Taking Shots for Mother Nature
by FalseEyelashes
Summary: It's the alcohol and the decadence and the swimming pool it's the Jay Gatsby and a date with destiny and it's the friends that aren't her own and Rory gets it now: she's become her mother without ever meaning to. AU PostSeason Five finale.


**Taking Shots for Mother Nature **

**Fandom:** _Gilmore Girls  
_**Disclaimer:** Not mine. It's the WB's and the CW's and Amy Sherman what-what, so let's drop the lawsuits. I'm not making a dime off of this.  
**Characters:** Rory, Rory/Finn  
**Rating: **R  
**Word Count: **3200  
**Summary:** It's the alcohol and the decadence and the swimming pool; it's the Jay Gatsby and a date with destiny and it's the friends that aren't her own and Rory gets it now: she's become her mother without ever meaning to. AU Post-Season Five finale.

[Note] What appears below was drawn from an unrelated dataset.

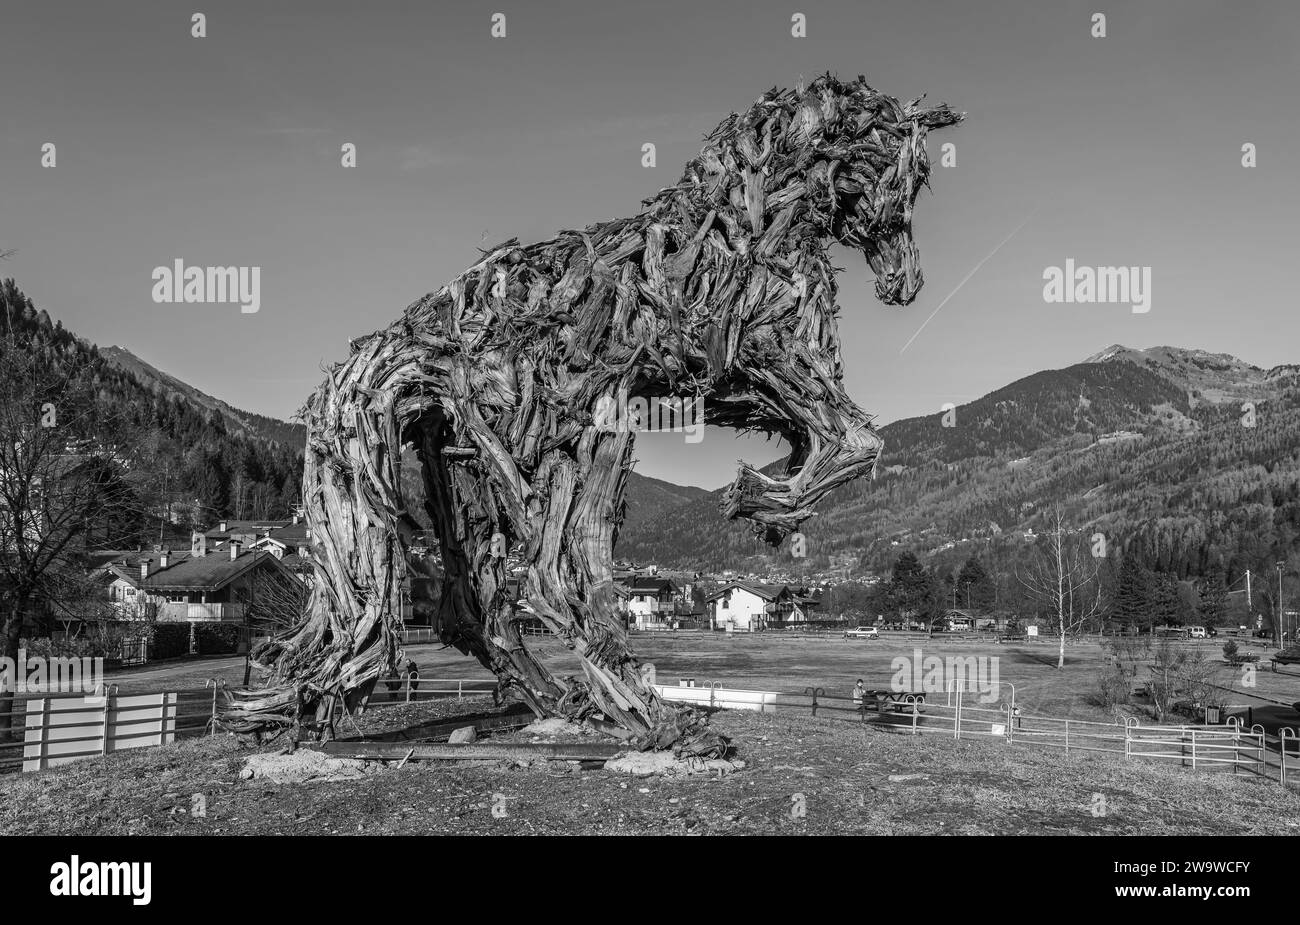 Il grande cavallo di legno dell'artista Marco Martalar a Strembo, paese della provincia di Trento, Trentino alto Adige, Italia settentrionale, Europa, Foto Stock

**Author's Note: **Not sure where any of this came from, and this is my first _Gilmore Girls _fic, and well, it's a different take on Rory. It picks up after Season Five with the whole yacht scandal and the poolhouse and the fallout between Rory and Lorelai. It's angsty and a little dark because apparently that's all I can write. Anyway, do, read, review and enjoy!

* * *

"I leave you alone for five minutes, and you're drinking." 

"Drunk. I'm drunk."

- _The Rules of Attractions_

_

* * *

_

I'm trying hard not to be ashamed, not to know the name of who is waking up beside me, or the date , the season or the city, but at least the ceiling's very pretty, and if you are holding it against me ---

I'll be on my best behavior taking shots for mother nature, once my fist is in the cupboard ---

Love is never falling over.

- "My Alcoholic Friends" The Dresden Dolls

* * *

Rory never liked Sylvia Plath. She read _The Bell Jar_ when she was thirteen and she imagines now that it was too soon and she was too young because it's thirteen, and not having a father is rough and being lost and alone and adrift in your own imagination is hard too – but you breathe and you deal and you don't stick your head in the oven. She thinks she's mixing fiction with reality, but she's pretty sure that Sylvia did the same and just ran by the unassuming name of Esther Greenwood. 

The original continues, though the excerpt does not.